Et voici les conclusions auxquelles il aboutit :

« Ce dont la pratique des ‘méthodes naturelles de fécondité’ atteste, c’est du caractère responsorial de la procréation : elles aussi nous disent que procréer n’est pas créer. La méthode atteste cependant de plus que ce qu’elle ne peut garantir par elle-même.  Elle révèle un sens qui la transcende.  Si la responsabilité de procréer est bien ce à quoi renvoient ces ‘méthodes’, alors on peut comprendre comment dans les situations où celles-ci sont impossibles ou impraticables, il faut trouver d’autres formes de responsabilité : ces ‘circonstances’, pour être responsable, exigent d’autres méthodes de régulation des naissances.  Dans ces cas-là, l’intervention ‘technique’ ne nie pas la responsabilité du rapport générateur, tout comme, du reste, un rapport conjugal qui observe les méthodes naturelles n’est pas automatiquement responsable.

L’insistance du magistère sur les méthodes naturelles ne peut dont être interprété comme une norme en soi ni comme une simple conformité aux lois biologiques puisque la norme renvoie au bien de la responsabilité conjugale et que les lois physiques (physis) de l’infécondité s’inscrivent dans un corps de chair et dans des relations humaines qu’on ne peut réduire à des lois biologiques.

La technique, dans des circonstances déterminées, peut permettre de préserver la qualité responsable de l’acte sexuel.
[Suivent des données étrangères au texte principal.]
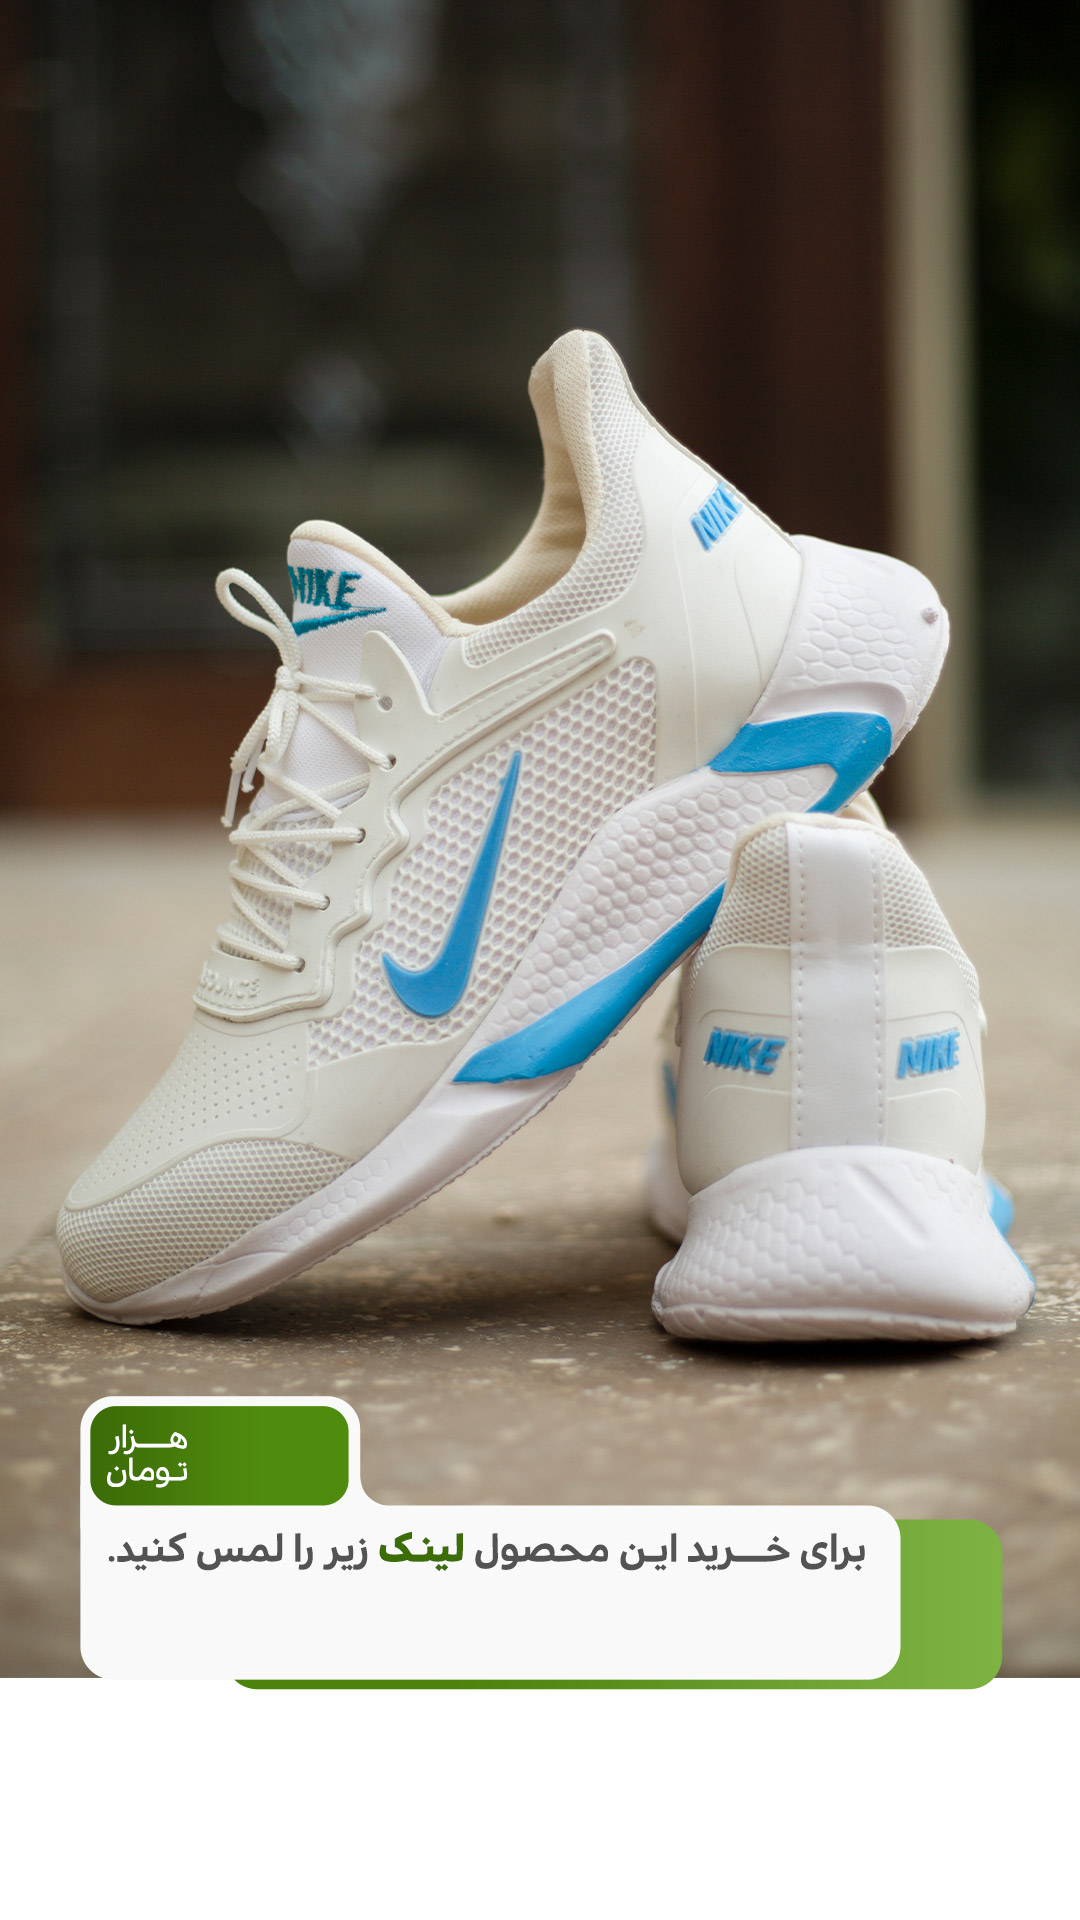 قیمت و خرید آنلاین کفش مردانه nike مدل adrian (سفید آبی)

Elle ne peut donc pas être rejetée à priori lorsque la naissance d’un enfant est en jeu parce qu’il s’agit également d’une forme d’agir et qu’en tant que telle, elle exige un discernement sur base de critères moraux qu’on ne peut réduire à une application sillogistico-déductive de la norme ».

Pour ses lecteurs, « Avvenire » résume ainsi, au centre de la page, la réinterprétation d’ « Humanae vitae » faite par Chiodi :

« S’il y a des situations dans lesquelles les méthodes naturelles sont impossibles ou impraticables, il faut trouver d’autres moyens, parce qu’une paternité responsable ne peut ignorer les possibilités offertes par la techniques ».
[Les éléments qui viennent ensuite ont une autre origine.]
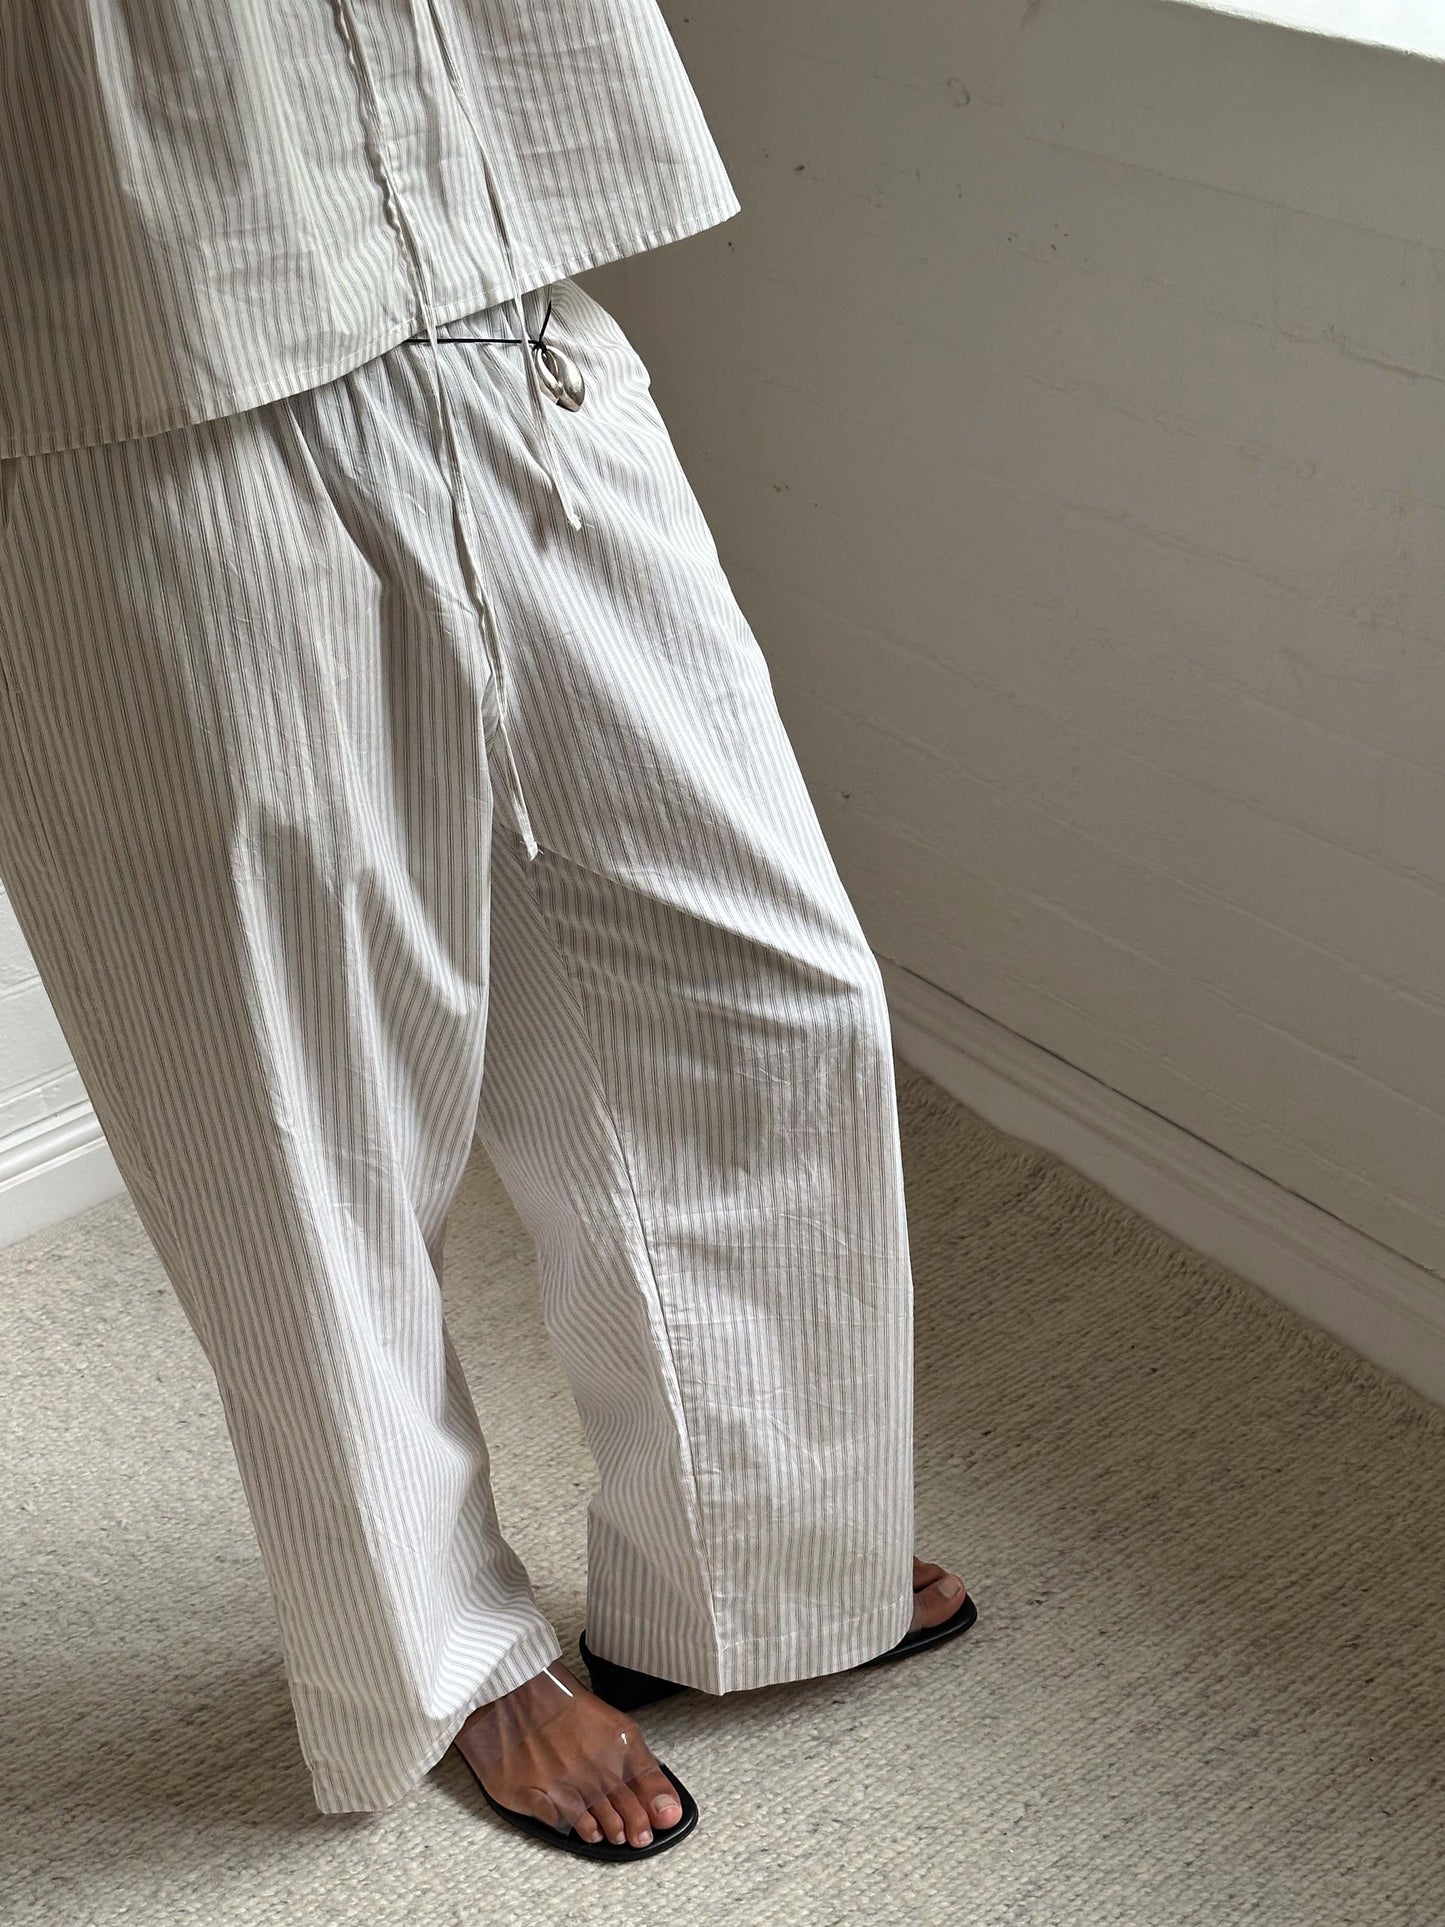 Female model wearing Ease Trouser - Story Stripe by Deiji Studios against plain background

Il convient d’ajouter que le 27 janvier, la veille de la republication de cette conférence de Chiodi, Mgr Vincenzo Paglia lui-même, le Président de l’Académie pontificale pour la vie et Grand Chancelier de l’Institut Jean-Paul II, a déclaré dans une interview accordée au journal de la Conférence épiscopale italienne, en faisant allusion à « Humanae vitae » qu’il convenait de faire « des approfondissement ultérieurs en ce qui concerne la paternité responsable » parce que « les normes sont faites pour faire vivre les êtres humains et pas pour faire fonctionner les robots » et que donc « elles demandent un processus d’évaluation qui doit prendre en compte l’ensemble concret des circonstances et des relations dans lesquelles la personne se trouve ».
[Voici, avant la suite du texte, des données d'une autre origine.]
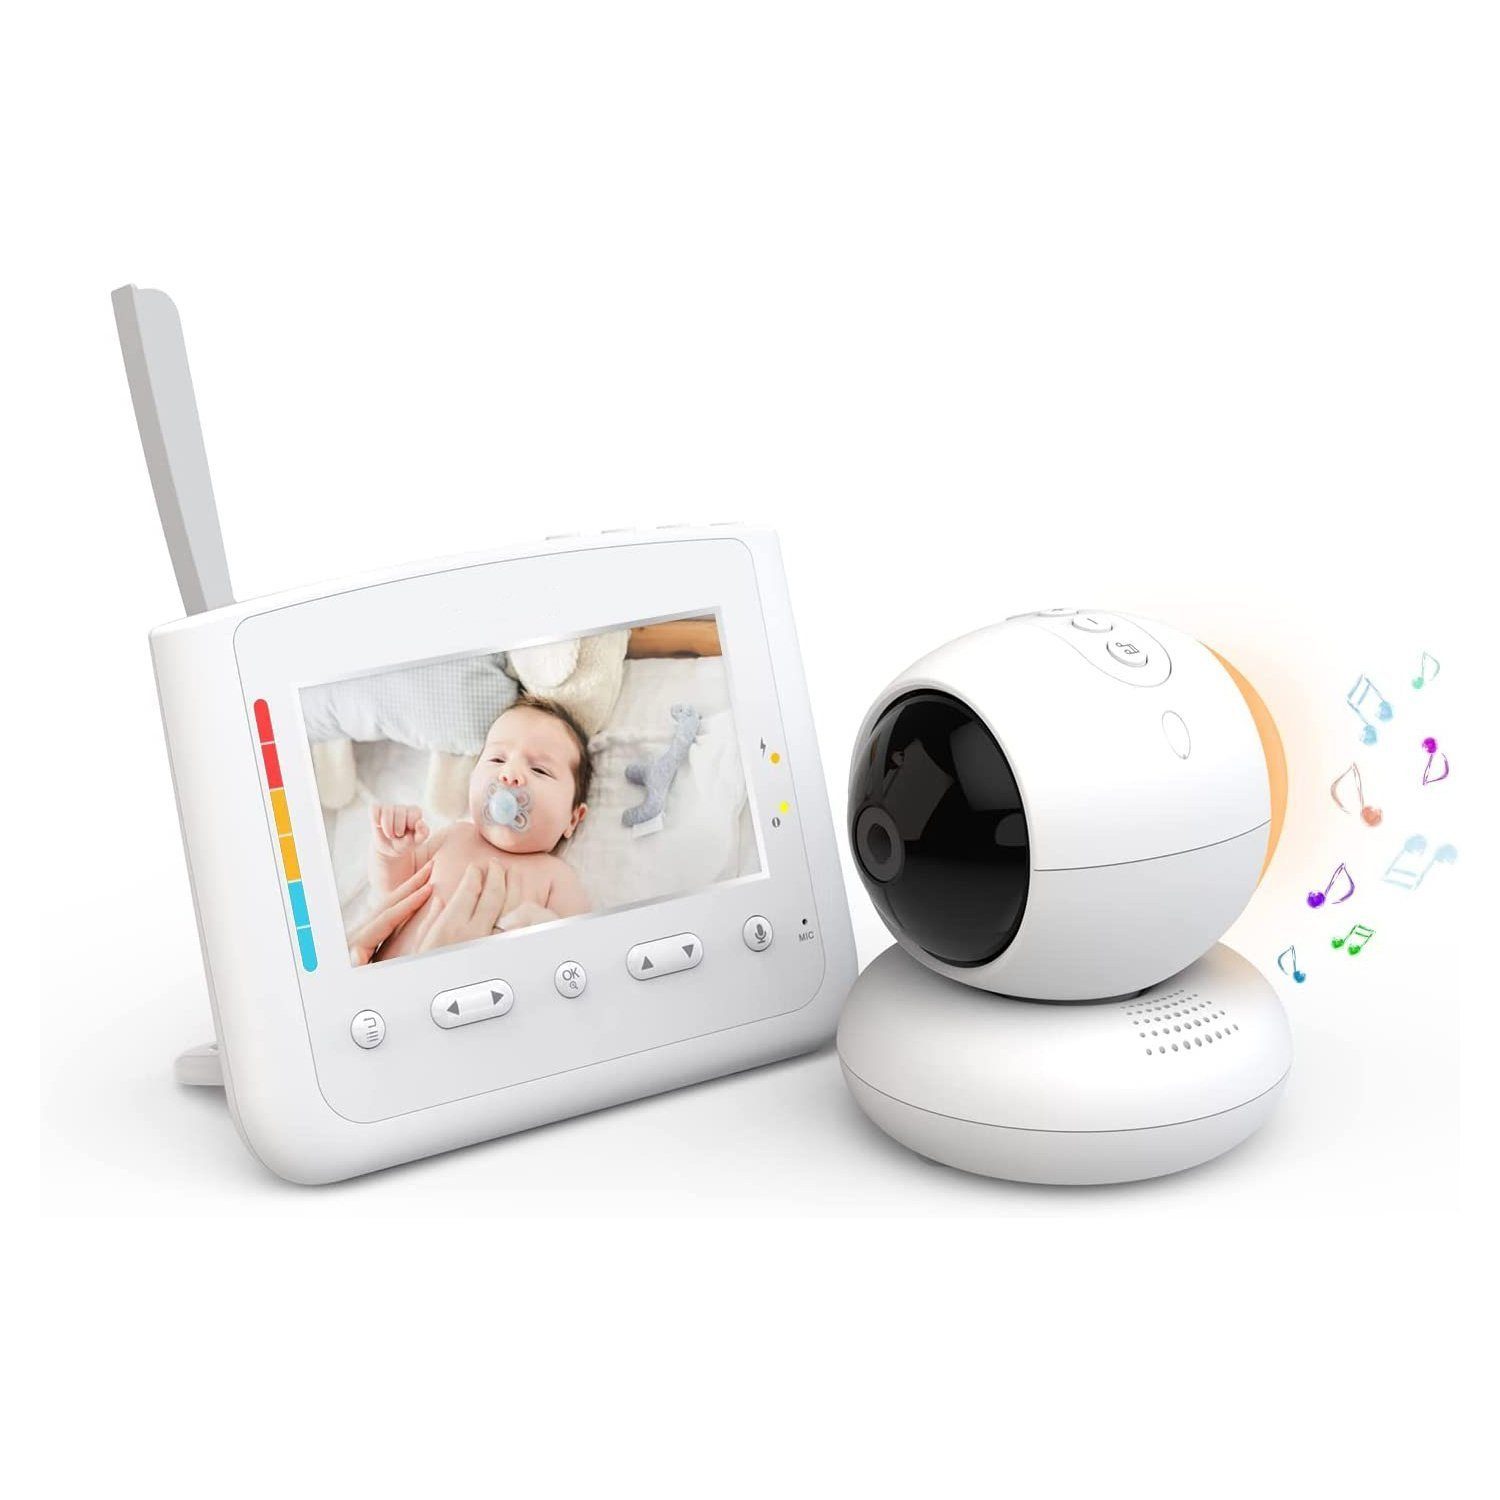 Mutoy Video-Babyphone Babyphone mit Kamera, 4,3-Zoll-LCD-Bildschirm, Ferngesteuerter Pan-Tilt-Zoom, Nachtlicht, Infrarot-Nachtsicht, Temperaturanzeige, Schlaflieder, Zwei-Wege-Audio, Gegensprechfunktion und Smart ECO-Modus

Et déjà avant que Chiodi ne tienne sa conférence à la Grégorienne, même Mgr Luigi Bettazzi, 94 ans, l’un des rares évêques encore en vie ayant participé au Concile Vatican II, a déclaré à « Avvenire » le 29 octobre 2017 que cinquante ans après « Humanae vitae », le moment était désormais venu de « réexaminer cette question » parce que « ce ne sont pas les doctrines qui changement mais nous, au fil du passage des ans, qui parvenons à en comprendre toujours mieux le sens, à la lumière des signes des temps ».

En outre, la commission d’étude mise sur pied par le Vatican pour reconstruire la genèse de « Humanae vitae » du point de vue documentaire et historique est déjà au travail depuis le printemps dernier.

En font partie Mgr Gilfredo Marengo et Pierangelo Sequeri de l’Institut Jean-Paul II, Mgr Angelo Maffeis de l’Institut Paul VI de Brescia et l’historien Philippe Chenaux de l’Université pontificale du Latran.

Marengo et Paglia ont démenti que les travaux de cette commission concernaient le contenu de « Humanae vitae » et encore moins leur réinterprétation.

Mais il est désormais évident que le nouvel examen du parcours de préparation tourmenté de cette encyclique – dans laquelle déjà à l’époque les courants favorables à la contraception artificielle étaient beaucoup plus forts et plus pressants que le courant contraire, épousé par Paul VI – ne pourra que profiter au changement de paradigme qui est déjà en cours.

Un article de Sandro Magister, vaticaniste à L’Espresso.